# Colors please, tri's and sables



## angelbaby (Feb 4, 2010)

Ok so looking at google which only made me more confused im trying to find good pictures of red tri's , red sables, champagne tri's. The coowner we have pep with right now says these pups are tri's but its hard to tell at this age i know ,and alot have changed already but would be nice to know what a true tri looks like compared to sables. all the sables I see have this black or dark coat over the light coat but the pups dont. I cant see the eye marks on any of them though { which is a big thing for a true tri right?} except one pup has them although this size its really hard to tell anyways im sure we will see in a couple weeks even. But has anyone heard or seen the ghost tri's? our breeder has a blue tri and his points are there but verrrry subtle he calls it a blue tri but reading google lol , they have posts about ghost tris and they look very much like his with very subtle points . Now is this an actual term or is this one of those selling gimmicks again?


----------



## angelbaby (Feb 4, 2010)

ok well this is what i found on one site, would you count the dog a tri lie they have when the points that are usually tan on tris are black and dont have the eyebrows. You can see in some of the pictures what i mean. Tri-Colored


----------



## American_Pit13 (Apr 23, 2007)

This kennel specializes in Tris and has a good layout of what they are genetically. Tri and Sable are both markings which is why they can come in blue, red, black.

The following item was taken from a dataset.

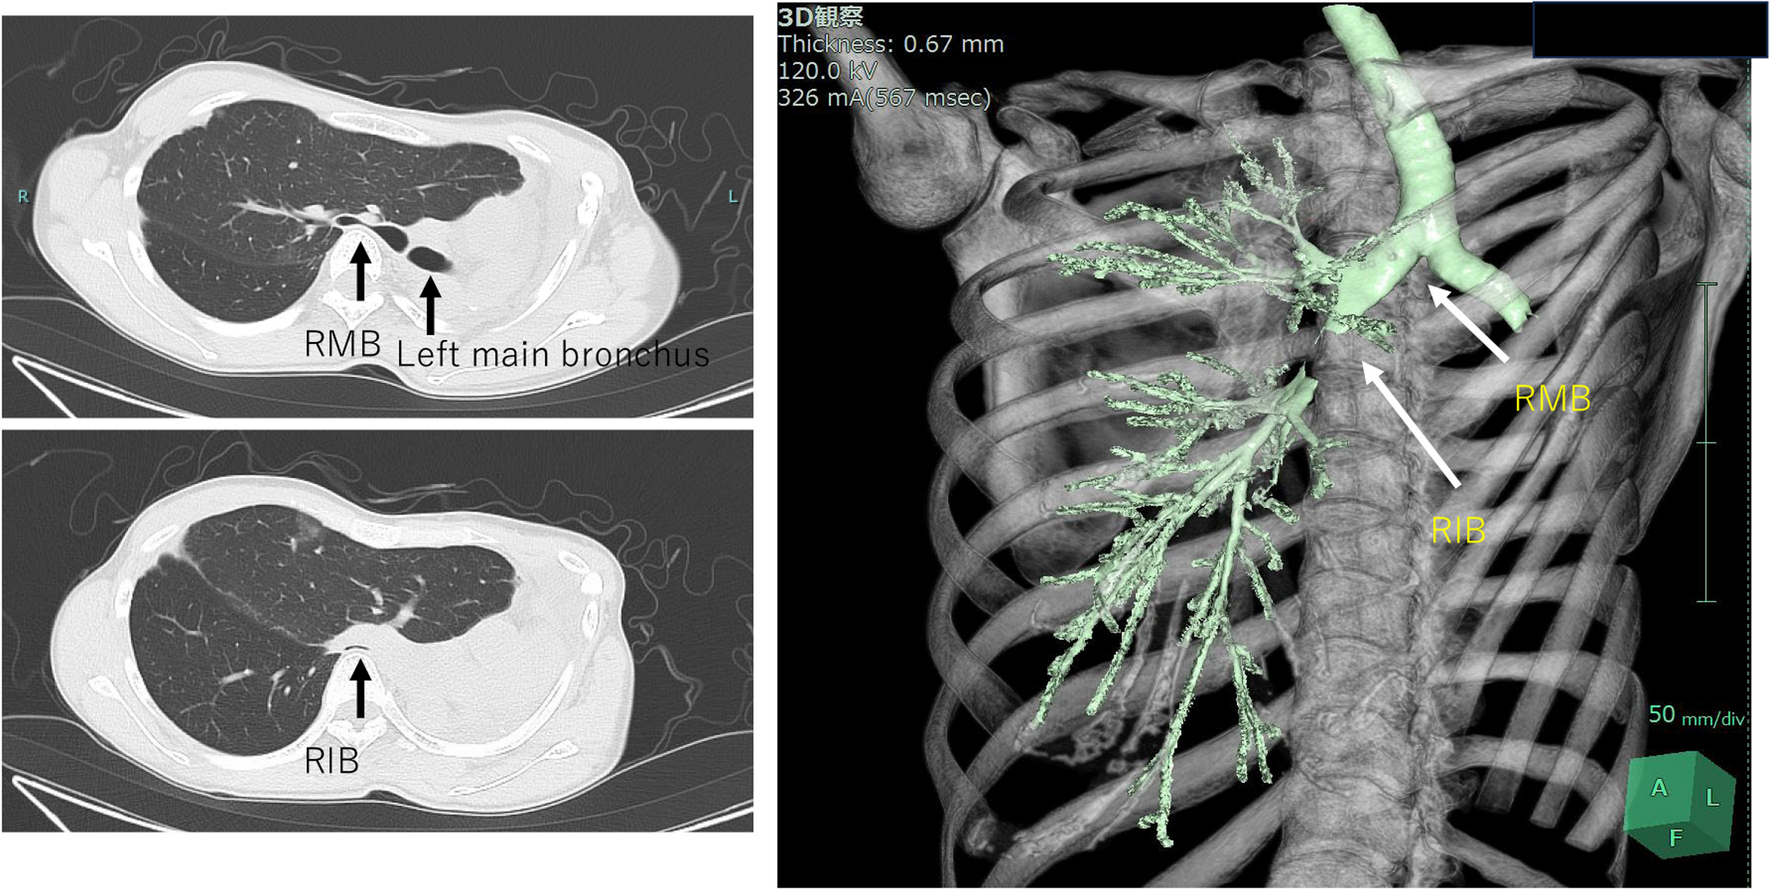 SF6 is a useful expander for post-pneumonectomy syndrome in the long-term course: a case report

HISTORY OF THE TRI COLOR GENE


----------



## American_Pit13 (Apr 23, 2007)

angelbaby said:


> ok well this is what i found on one site, would you count the dog a tri lie they have when the points that are usually tan on tris are black and dont have the eyebrows. You can see in some of the pictures what i mean. Tri-Colored


Some of the dogs in there are Tri some are Sable and there are fawns lol so thats not a good site to try to educate with.

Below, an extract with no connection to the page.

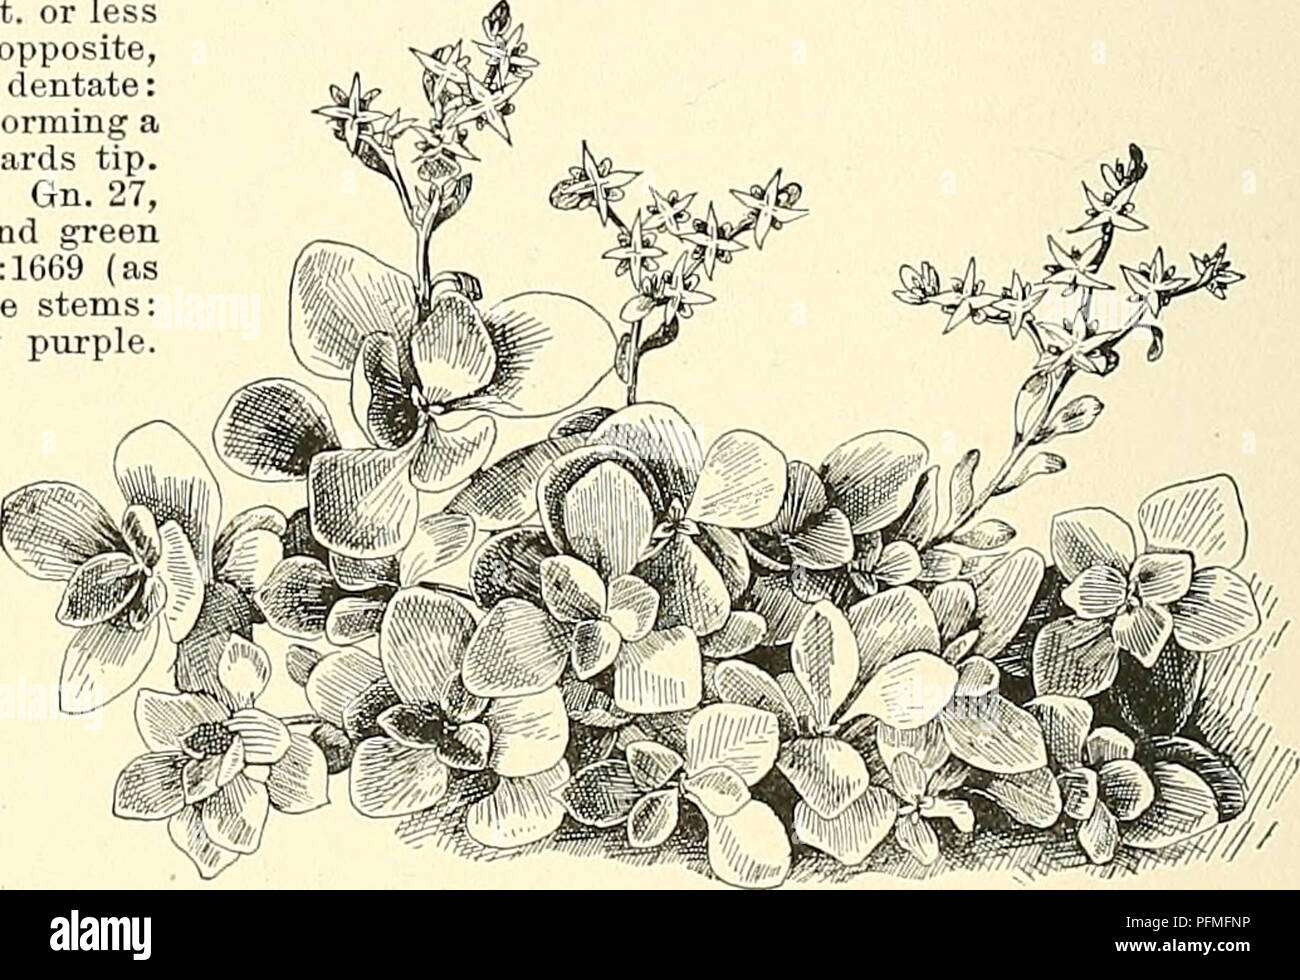 . Cyclopedia of American horticulture, comprising suggestions for cultivation of horticultural plants, descriptions of the species of fruits, vegetables, flowers, and ornamental plants sold in the United States and Canada, together with geographical and biographical sketches. Gardening. 2282. Live-foreverâSedum Telephium (X K). sometimes pure white, in dense, terminal and lateral subglobose cymes. Jul}-, Aug. Eu., N.Asia. Gu. 27, p. 3i6. âNaturalized in America, where it spreads much hut blooms little. Vars. hybridum, purpiireum and rubrum are live American trade names representing forms -with Stock Photo

Thats one of the hard parts of learning on line. Anyone can post up info whether it is true or not.


----------



## angelbaby (Feb 4, 2010)

lol exactly i think googling confused me even more lol ... thanks for the link . I clicked on misc on that site i posted and they had tri's on that link as well and sables lol and even a couple that looked just red so seems like they may not know what they are looking at either lol.


----------



## Old_Blood (Jan 10, 2008)

Here are creeping tan points, so they do not have actual eyebrow points. Is this what the pups look like? They are still at/at the first one also has a Kbr gene for brindle


----------



## angelbaby (Feb 4, 2010)

no 2 of the pups have 2 points above the eyes of tan but they are so tiny its really hard to see, will be watching how they turn out in the next week or 2 should be able to tell what marks are there or not there. we originally though t 5 were tri but one is looking more champagne color and one of the others is looking more red with blue or black face. ill post pics of them as they get bigger but was just trying to get a feel for what the true tri was compared to the others mentioned


----------



## angelbaby (Feb 4, 2010)

the ones you posted old blood are they considered tri when the face is more of a mask rather then points?


----------



## Old_Blood (Jan 10, 2008)

Yes, technically. They are still chocolate and tan with white, then they'd be called tri. It is the tan point gene the same but they think there is modifying genes some dogs can have. It is the same on the chest region, there isn't actually points there is a lot of tan.


----------



## aimee235 (Apr 29, 2007)

A tri has dots over it's eyes only. Like a Dobie or a Rottie. When it looks more like a Malamute it is not tri. Tri is clearly defined. A heart shaped mask is not a tri. You could technically call them tri's(because there are 3 colors) but it *is not *caused by the same gene as tan points.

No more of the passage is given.